Until recently it was rare that you would see dialectical Arabic written down since a book, or newspaper article, or academic paper would almost always be written in MSA. However, thanks in part to the advent of social media, dialect is seen in its written form far more often. This provides translators (especially machine translators) with an issue. How do you know which 'Arabic' you are translating?
To be able to use the language of an Arabic Text itself to ascertain which dialect it is written would: 1- Aid translators, 2- Allow to geographically locate based on language, 3- Allow dialectologists some insight into what makes up a dialect.
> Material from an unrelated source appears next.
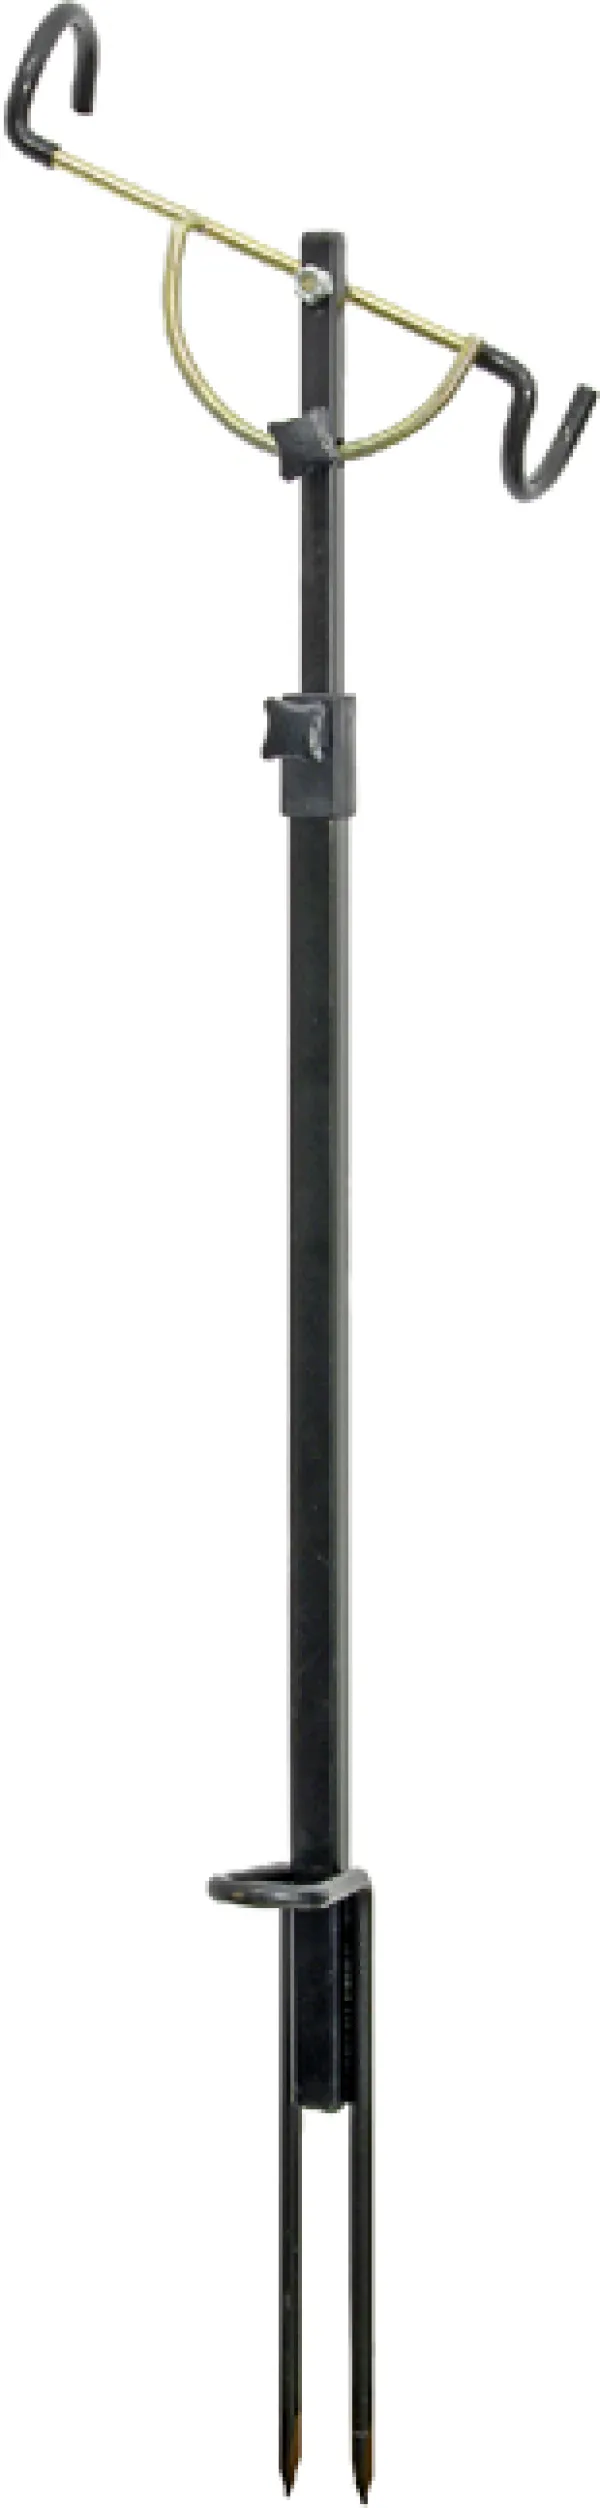 KONGER Adjustable Rod Rest 75-90cm

The goal of this project is to create a classification model which uses the text of an Arabic Tweet to ascertain 1- if it is written in MSA or dialect and 2- which dialectical region a dialect tweet comes from. I would like to outperform Baseline Accuracy in both cases.
The data for this project was derived from a corpus of tweets put together for the purpose of the 2nd NADI (Nuanced Arabic Dialect Identification Shared Task).
The data was collected through the Twitter API using the location data to establish province and country of origin.
(See Abdul-Mageed, M., Zhang, C., Elmadany, A., Bouamor, H., & Habash, N. (2021). NADI 2021: The Second Nuanced Arabic Dialect Identification Shared Task. ArXiv, abs/2103.08466.)
The Datasets I used were:
-
Dataset 1: Country-level MSA identification: A total of 21,000 tweets in MSA, covering 21 Arab countries.
-
Dataset 2: Country-level Dialect identification: A total of 21,000 tweets in dialect, covering 21 Arab countries.
My hypotheses are:
- It will be fairly easy to ascertain which tweets are in MSA and which are in dialect. This is because there are certain fairly common features of MSA which are very specific and aren't shared in any dialects.
- It will, however, be more difficult to differentiate between specific dialects because of shared features across dialects.
- In Bag of Words models certain common words will be used most in differentiating dialects. Words like 'فين', which means 'where' in Egyptian, and 'لماذا' which means 'why' in MSA will be obvious markers for a model.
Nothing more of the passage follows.